Jitesh Kumar, Cross-Asset Derivatives Strategist at Societe Generale, believes that the exit of quantitative funds also contributed to the sharp decline:

"Quantitative investors adjusting leverage based on volatility had to reduce exposure. The summer is not the most liquid period of the year, and fund flows based on volatility may have exacerbated the selling."

Over the next two days, US stocks fluctuated back and forth. On Thursday, as the decline in initial jobless claims exceeded expectations, easing concerns about weakness in the labor market, the stock market began a significant rebound. **A consensus gradually formed in the market: this volatility is mainly driven by excessive trader behavior rather than a significant deterioration in economic fundamentals In terms of corporate profitability, tech giants Alphabet, Amazon, and Tesla have seen their stock prices decline after their performance fell short of expectations. However, the overall situation remains robust. As of Friday, analysts expect the S&P 500 index's profit growth rate to be slightly above 14% in 2024 and 11.8% in 2025.

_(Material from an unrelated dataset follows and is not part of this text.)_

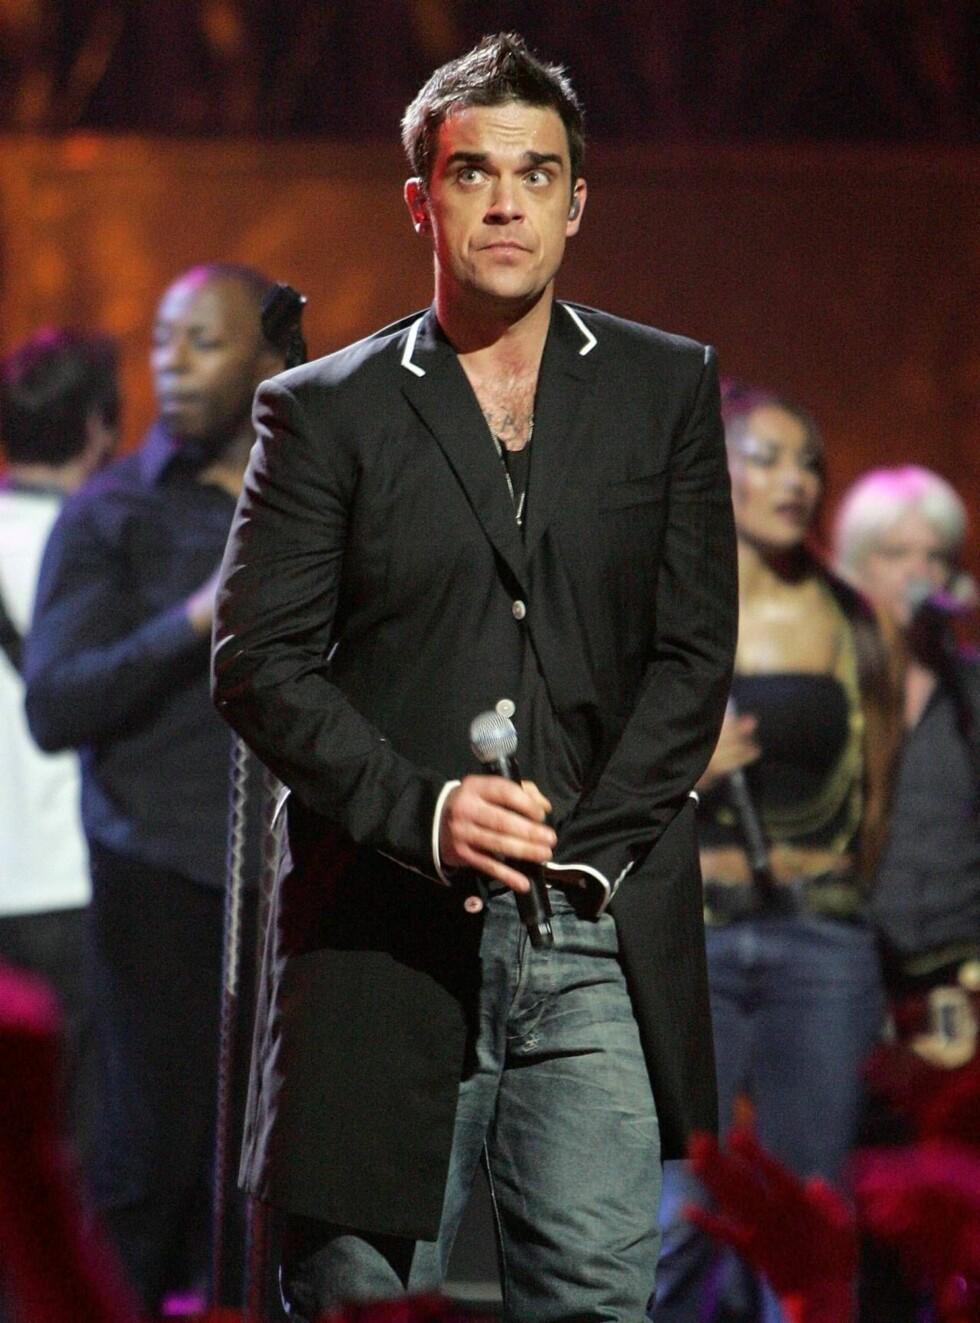 BABYNEKT: Robbie Williams har verken planer om karriere eller familie i fremtiden. Foto: All Over Press
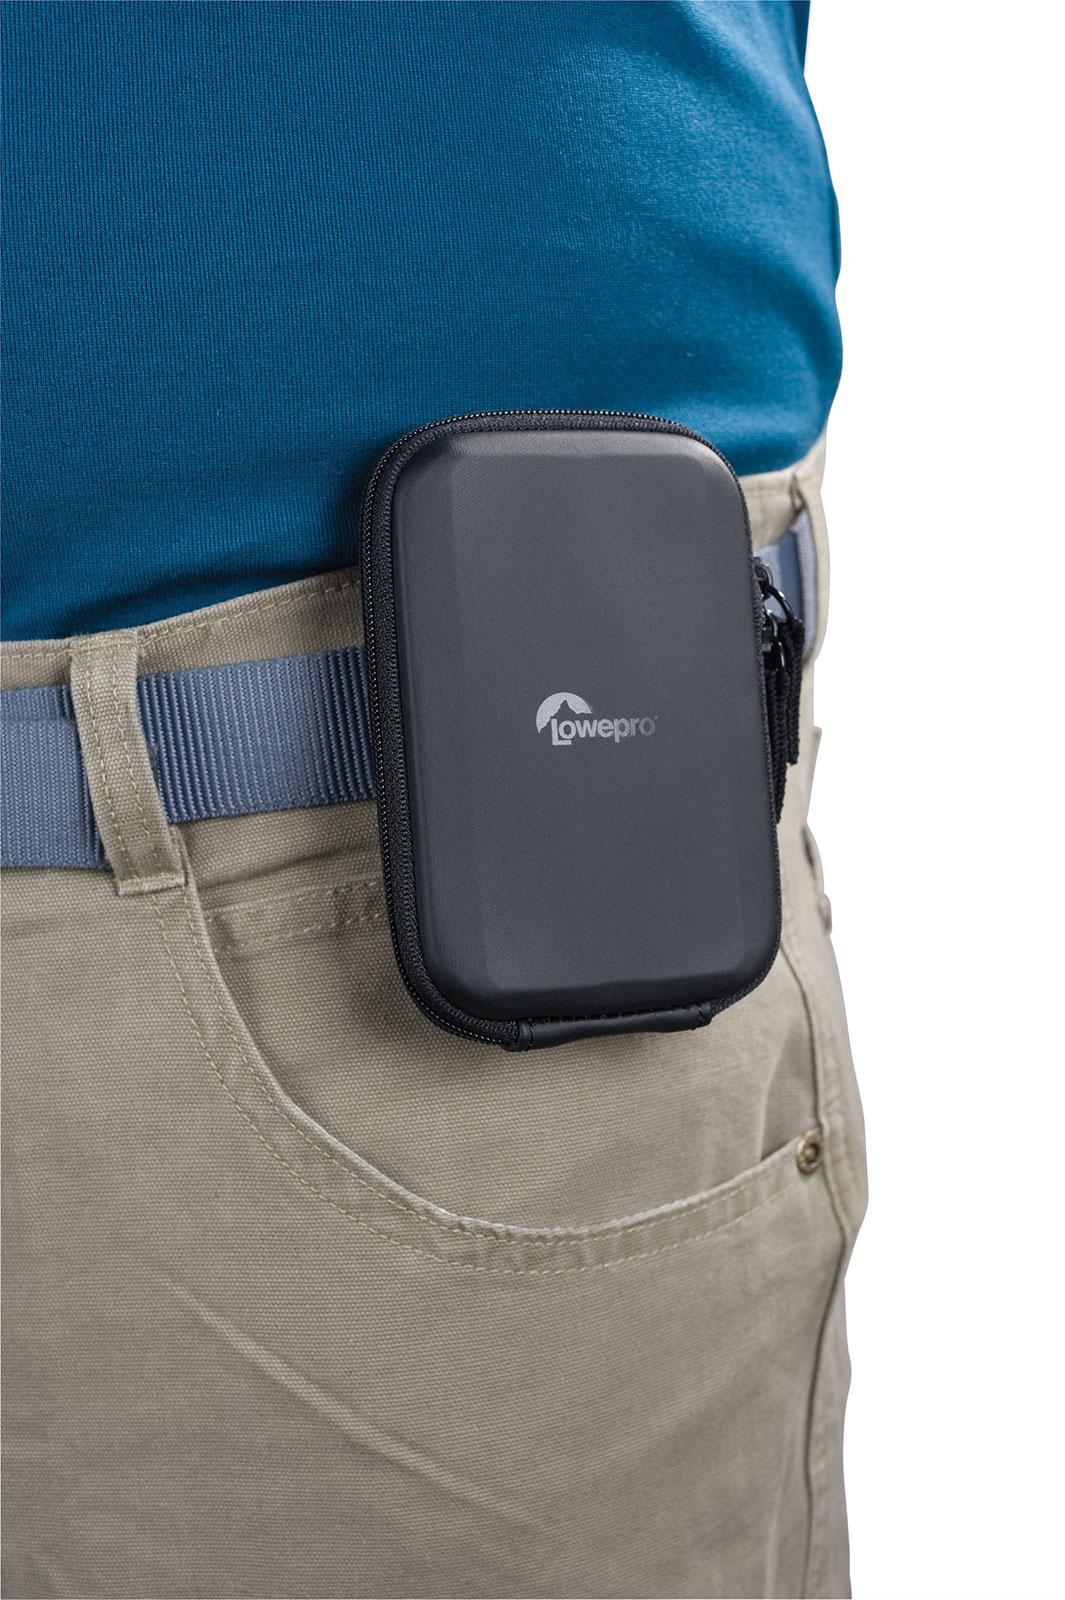 NEW Lowepro Volta 30 Hard Drive Digital Camera iPod Iphone GPS Case Pouch Black

Max Kettner, Chief Multi-Asset Strategist at HSBC Holdings, stated:

"The fundamental situation is still a soft landing for the economy, and the stock market should continue to rise in the coming months. Concerns about profits have been exaggerated. We believe this is an overreaction of risk assets."

Next, Is "Roller Coaster" the Norm?

It is worth noting that despite market volatility, U.S. stock fund investors still seem optimistic.

According to a report citing EPFR Global data by Bank of America, investors poured nearly $10 billion into various equity funds, including $3.3 billion into technology funds, in the week ending Wednesday.

Gerry Fowler, Head of European Equities and Global Derivatives Strategies at UBS, stated:

"The initial panic reaction was overdone. The market will gradually regain confidence, but volatility is unlikely to return to extremely low levels, and the market may struggle to confidently reach new highs."